Following the trail of clues to Paris, Louise seeks help from her former boss Ian, with whom she shares a romantic history. The necklace leads them to discover the dark history of Lévitan—a once-glamorous department store that served as a Nazi prison, and Helaine, a woman who was imprisoned there, torn apart from her husband when the Germans invaded France.

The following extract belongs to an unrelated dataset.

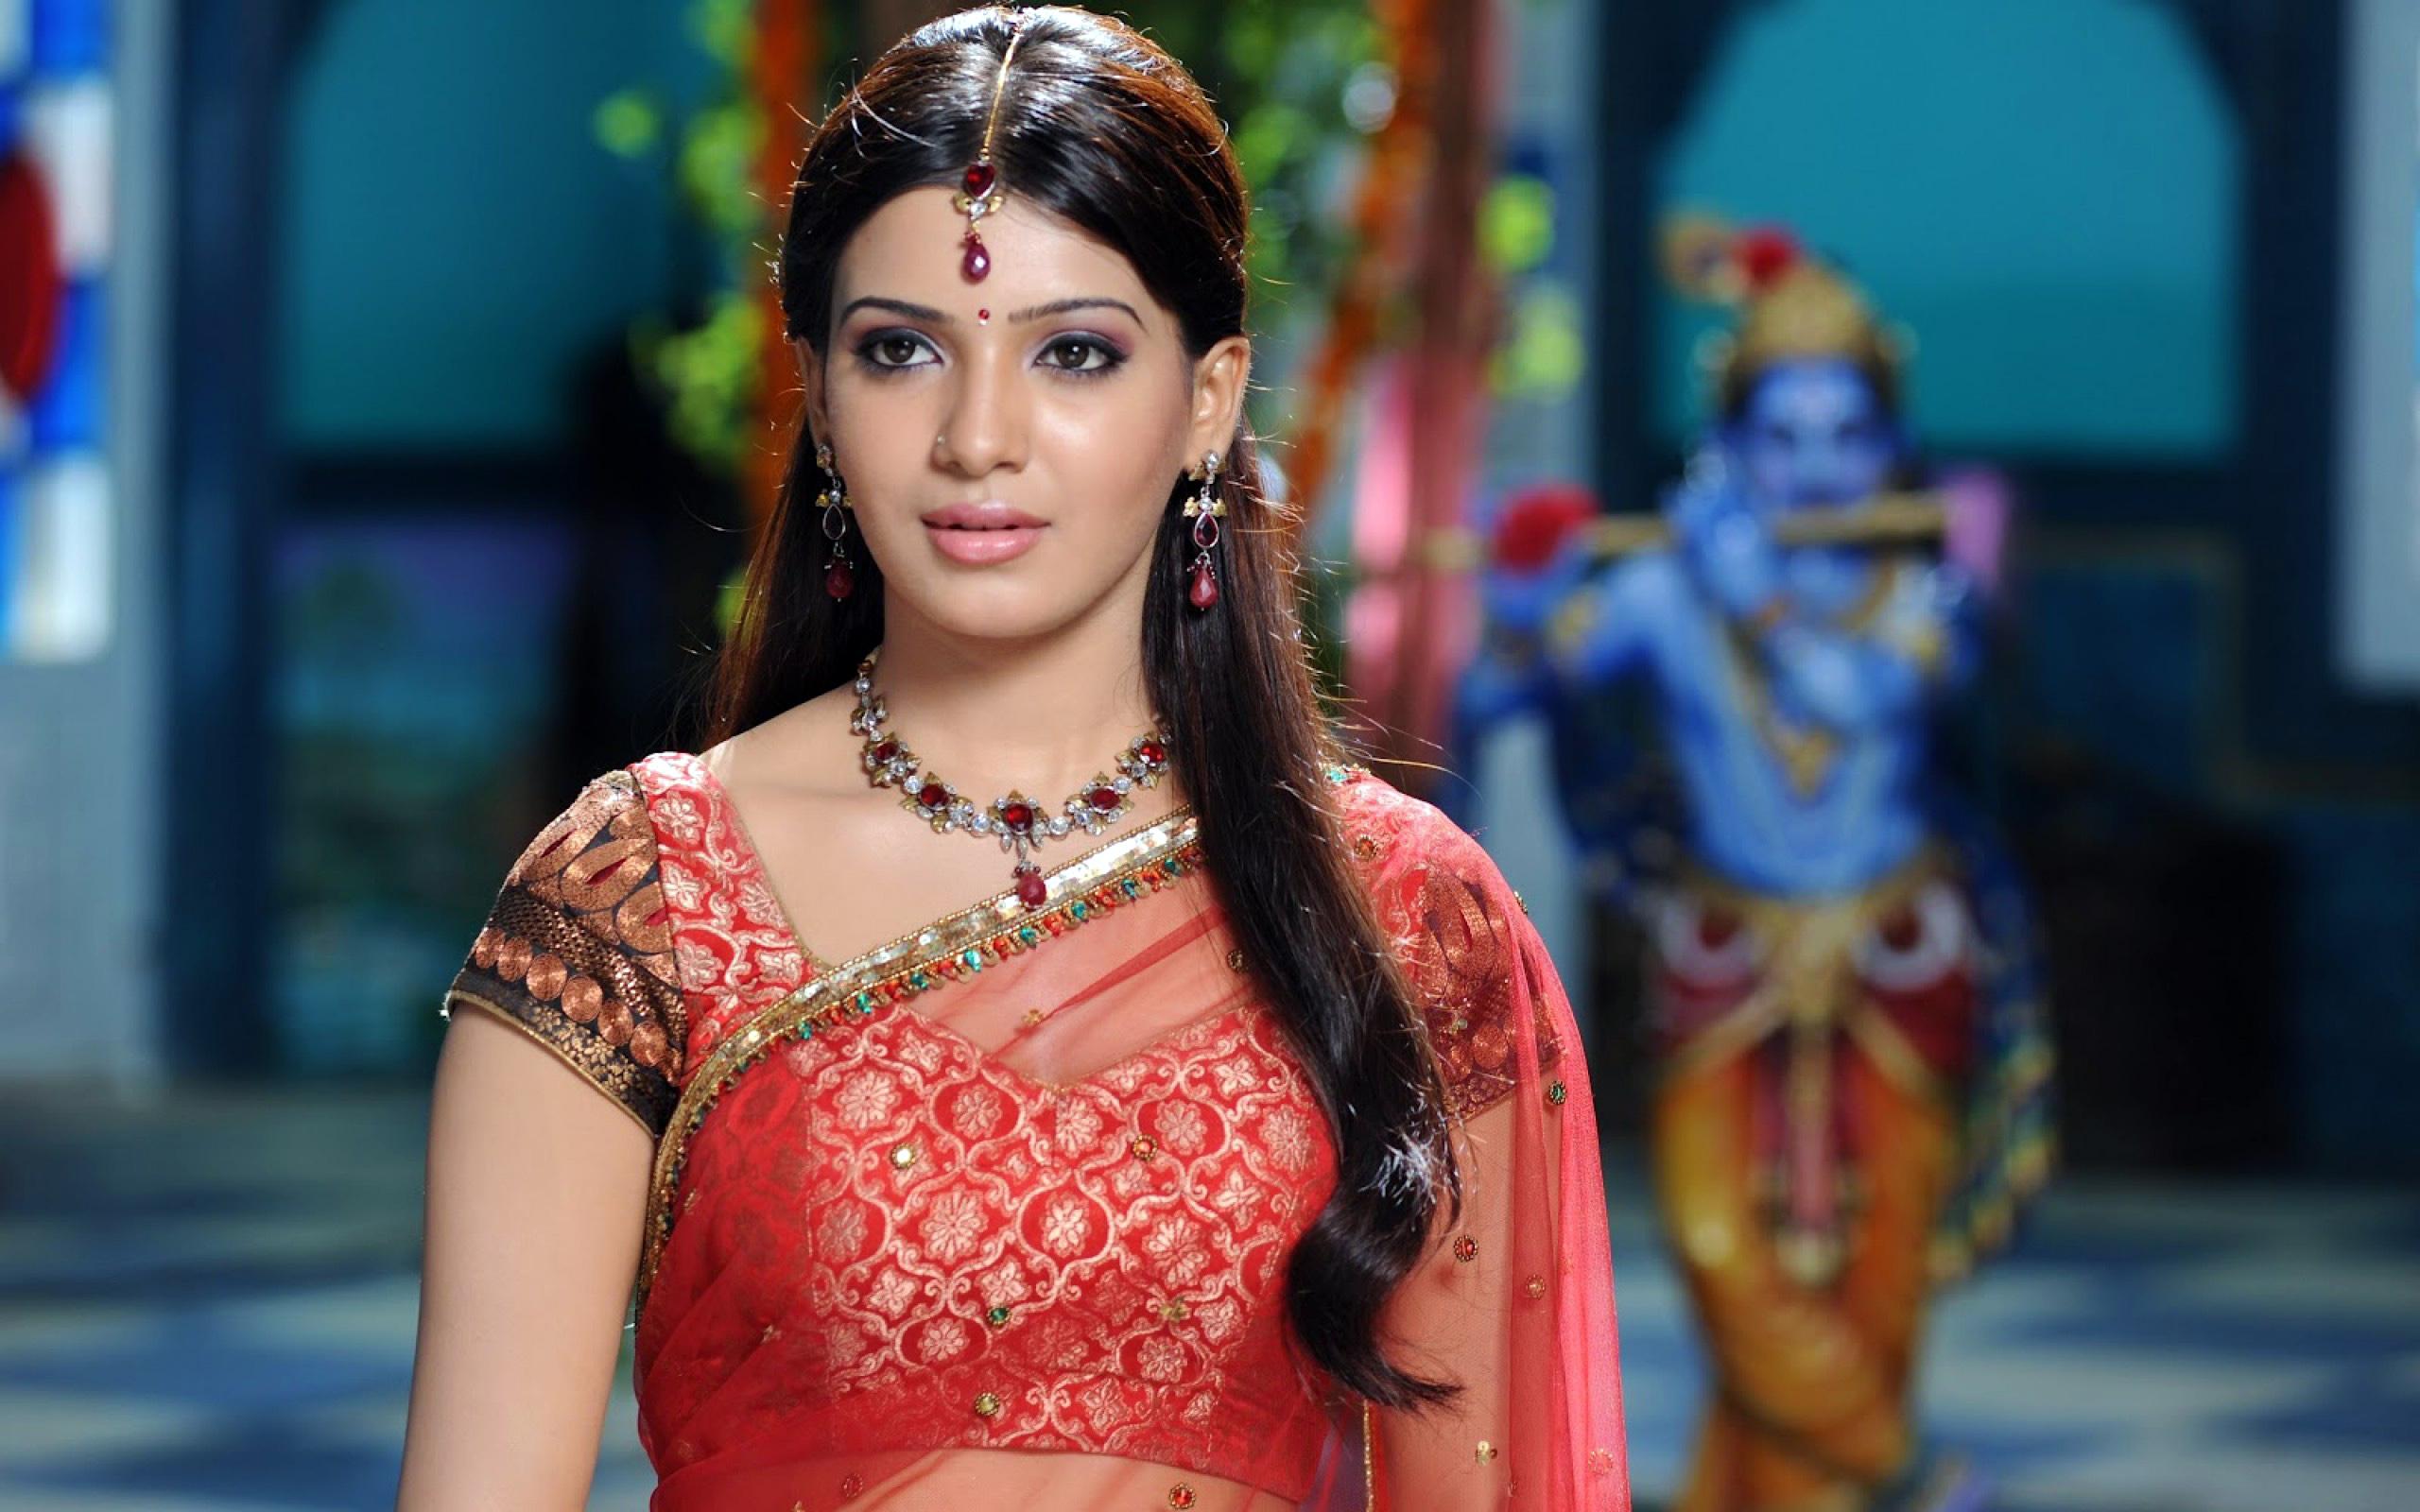 Samantha ruth prabhu red saree pictures

Louise races to find the connection between the necklace, the department store and Franny’s death. But nothing is as it seems, and there are forces determined to keep the truth buried forever. Inspired by the true story of Lévitan, Last Twilight in Paris is both a gripping mystery and an unforgettable story about sacrifice, resistance and the power of love to transcend in even the darkest hours.
PUBLISHERS WEEKLY
Jenoff (Code Name Sapphire) delivers an artful parallel narrative of an Englishwoman's investigation into her friend's death during WWII, when they both volunteered for the Red Cross in Germany, and a Jewish woman interned in Paris by the Nazis. In 1953, Louise Burns finds a necklace with a heart pendant in a secondhand shop in Henley-on-Thames, and recognizes it as the one acquired by her friend Franny in Germany shortly before she was fatally struck by a car. Louise has always suspected Franny's death was somehow related to the necklace, and after tracing it back to Lévitan, a Paris department store, she travels to France, hoping to track down the necklace's most recent owner. Jenoff alternates Louise's sleuthing with the story of Helaine Weil, a young Jewish woman who defies her parents to marry a musician and winds up imprisoned at Lévitan after the Nazis convert the store to a work camp. As Louise learns of Lévitan's dark history, she uncovers shocking details about the necklace and about Helaine, who gave Franny the necklace before being taken prisoner. Jenoff offers a piercing depiction of Jewish life in Paris under German occupation, and keeps the pages turning with an intriguing mystery. Fans of WWII fiction will be riveted.